MPH #2 Review (Mark Millar, Duncan Fegredo)


Roscoe, our “hero”, has escaped from prison thanks to a wonder-drug called MPH which makes him temporarily super-fast. He gets his own back on the drug-dealing boss who set him up for prison in the first place, before finding his girlfriend Rosa and best friend Chevy and introducing them to MPH. Together, they start having mind-blowing fun playing tag on the highway and getting their photos taken atop Daytona cars. No, they’re not 11 years old, technically they’re “grown ups”. 

Mark Millar somehow convinced a studio to buy this - this! - to make into a movie? It’s the story of shallow cretins doing shallow things with super-powers thrown in because that’s popular in movies today! MPH is garbage! It’s playing out as predictably as you’d expect - Roscoe and his pals are from bankrupt Detroit and have always dreamed of the “good life”, ie. mansion, expensive cars, etc. and being super-fast enables them to live it out, at least temporarily. Yeah… great. 

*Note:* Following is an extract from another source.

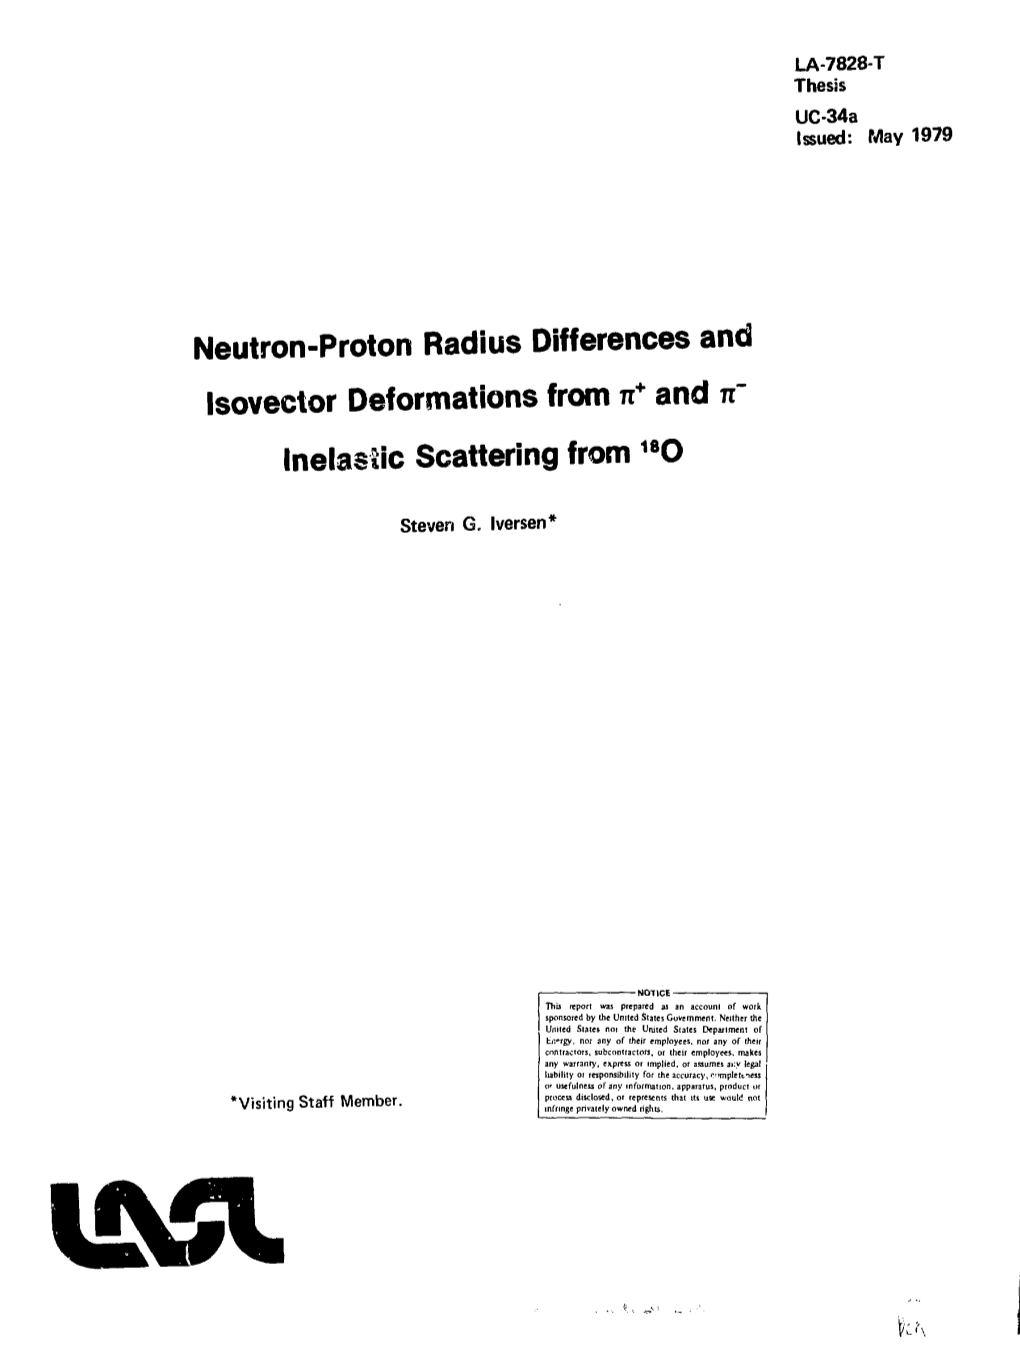 Neutron-Proton Radius Differences and Isovector Deformations from N+ and Ir Inelasiic Scattering from 18O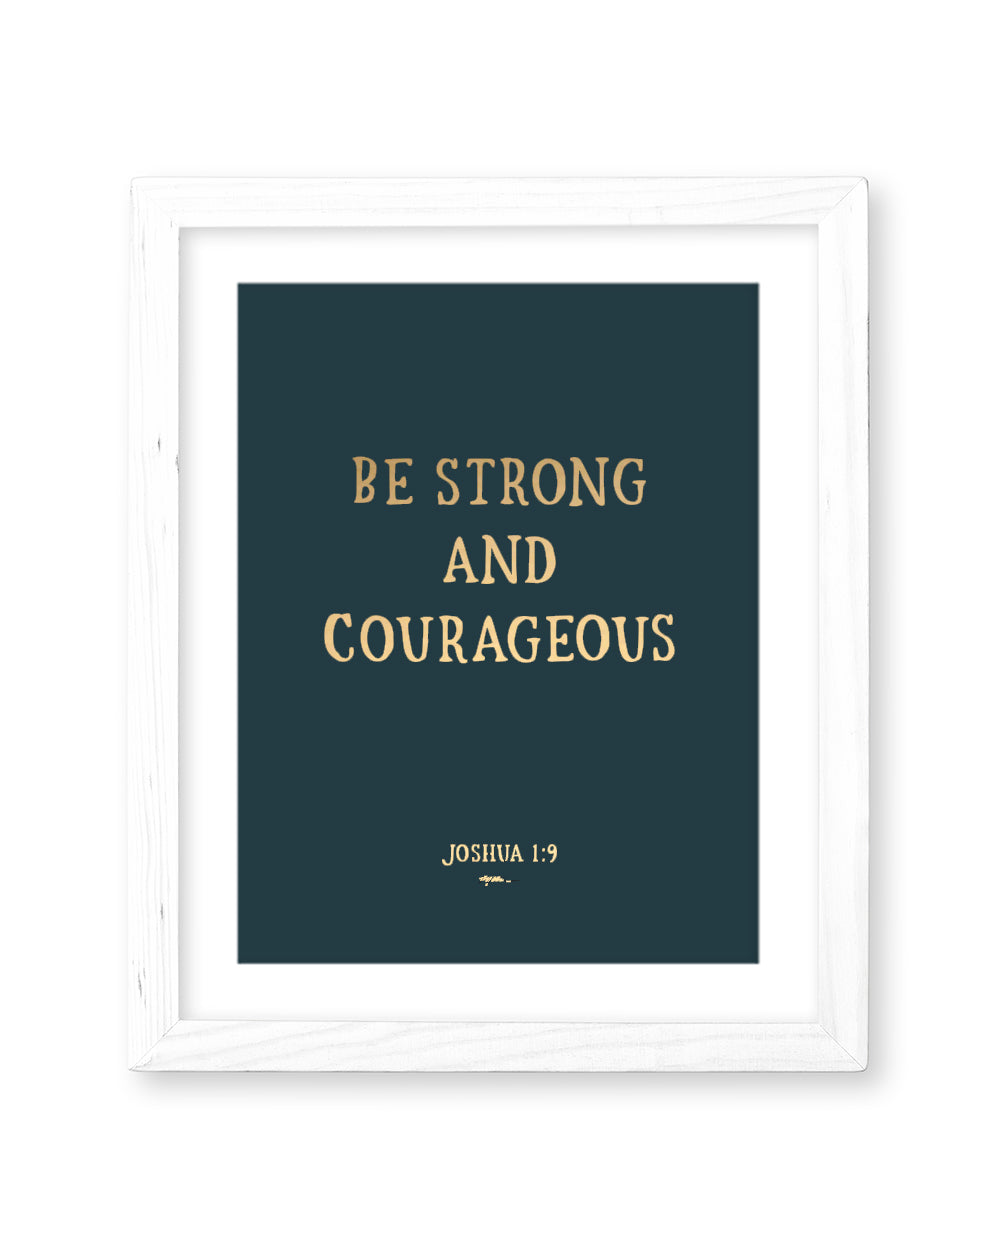 Be Strong and Courageous {Gold Foil} Print

Am I supposed to be rooting for them because they grew up in tough neighbourhoods without the advantages of people who didn’t grow up in tough neighbourhoods? Because that’s not a reason to like a character. Not that they seem like real characters anyway - rather they come across as characters you’d get from watching The Wire, which is what I suspect Millar has done here. 

And to see them spend the issue standing around a mansion fingering stolen goods? That’s not entertaining, nor was I thinking “hell, yeah good for them!” - I was wondering when Millar was going to stop being predictable and create some kind of story because this unimaginative crap doesn’t cut it.

The issue ends almost the same way the first one did, with a few words from the mysterious man under government watch, who now has a name: Springfield. Presumably he’s the guy who first used MPH in the ‘80s but Millar doesn’t really give much away so the endings to these two issues have been shrugs rather than gasps. Yeah, 50-ish guy talks cryptically - so what?

Millarworld has produced some stinkers over the last few years - The Secret Service being one of them, which has also bizarrely become a movie - but I would say MPH is Millar’s worst one in a while. Lazy and derivative, this series cannot end fast enough.